Philippe Petit ha scritto ben tre libri.
Uno, quando ancora aveva 17 anni e quando - come lui stesso afferma - ancora non sapeva nulla degli aspetti pratici del funambolismo e delle intuizioni che vi sono contenute oggi lui stesso non finisce mai di stupirsi, quando gli capita di rileggerlo (Trattato di funambolismo, Ponte alle Grazie, 1999).

Nel secondo volume, Toccare le nuvole. Fra le Twin Towers, i miei ricordi di funambolo (Ponte alle Grazie, 2003), corredato da una serie di illustrazioni (per lo più foto in BN), iracconta con ricchezza di dettagli la progettazione, la pianificazione e, infine, la realizzazione della "passeggiata" tra le due Torri del WTC di New York.

Infine, il terzo (che è quello che ci interessa), Credere nel vuoto (Bollati Boringhieri, 2008), realizzato con il materiale raccolto in occasione di uno degli incontri organizzati da Torino Spiritualità (www.torinospiritualità.org) che si propone "di porre domande che non cercano mai una sola risposta", su temi che intersecano la filosofia, la teologia, la storia delle religioni, la politologia, le scienze sociali e quelle umane.
Infatti, per la singolarità delle sue scelte e dell suo modo di vivere, ma anche per ila sintesi originale di pensiero che egli fa sulla sua vita, Philippe Petit è anche considerato uno che ha qualcosa da dire a chi si occupa di spiritualità e che non si accontenta di risposte univoche a domande semplici.
Ed è più che legittimo attendersi questo da un uomo temprato a camminare vicino al cielo, senza poterlo mai toccare e con il suolo sotto di sé ad un'infinita distanza senza nessuna protezione: un uomo solo tra terra e cielo con la sua immensa fragilità e armato della sua passione e di una forte volontà.
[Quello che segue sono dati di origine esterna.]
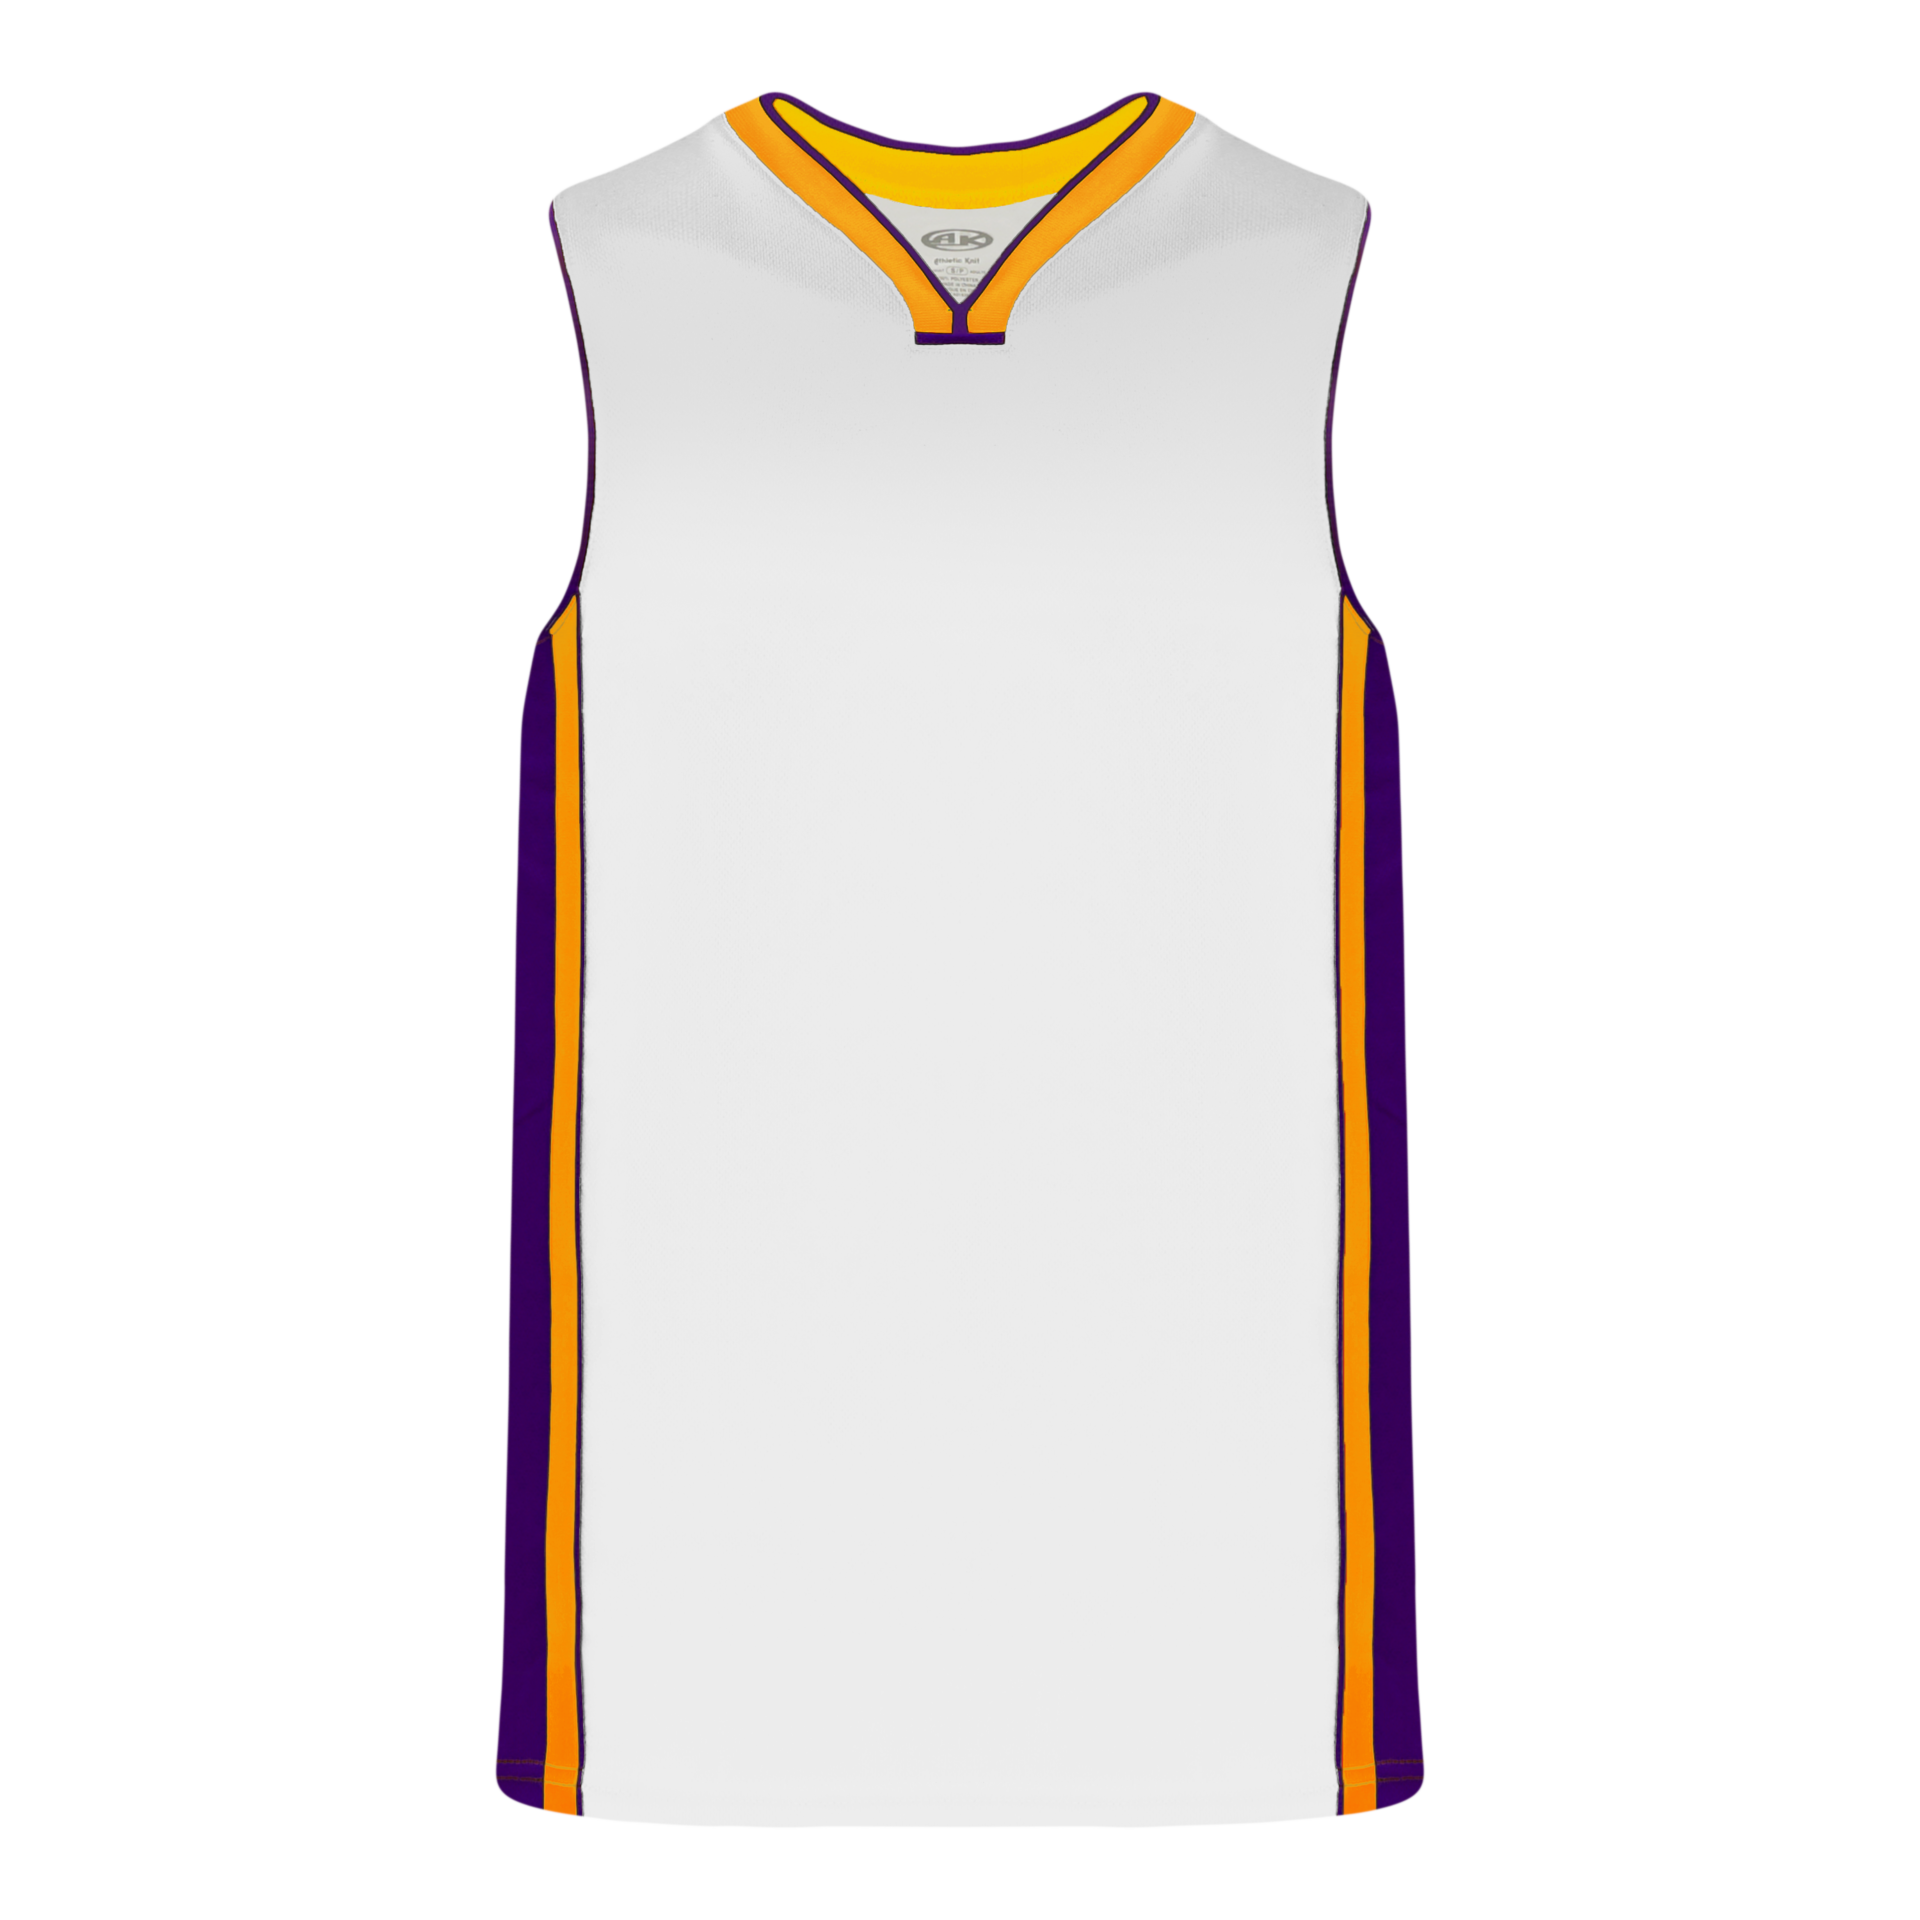 Blank LA Lakers Practice Jerseys, Lakers Purple & White

In quest'ultimo libro (che è la trascrizione esatta della conferenza-incontro con il gruppo torinese, con la moderazione di Michele Serra), Philippe Petit ci spiega che le sue "passeggiate" (come ama definirle) sono innanzitutto una faccenda di testa, prima ancora che una performance fisica. Bisogna innanzitutto volere e credere, è una faccenda di fede, dunque - spiega Petit. Camminare sul filo, per lui, è una specie di "religio" nel senso dei Latini (dal verbo "religare", cioè unire legando assieme. Nella sua esperienza, Philippe Petit parte da un punto noto e sa che dovrà compiere una traversata sino ad un punto ignoto e che, da quel momento, quei due punti saranno per sempre uniti, anche quando le luci si saranno spente e quel cavo d'acciaio teso sul vuoto, su cui lui ha camminato con semplicità sarà stato smontato.
Nelle semplici parole con cui si esprime, Philippe Petit dimostra di essere davvero un uomo straordinario che ha compiuto imprese storiche e mirabolanti che rimangono per sempre nei nostri cuori, come quella memorabile ed emozionante del 1974 (le Twin Towers). Ora le torri del WTC non ci sono più, il ricordo della sua impresa rimane e segna con un marchio profondo di fede e speranza un mondo che questi due valori sembra non possederli più.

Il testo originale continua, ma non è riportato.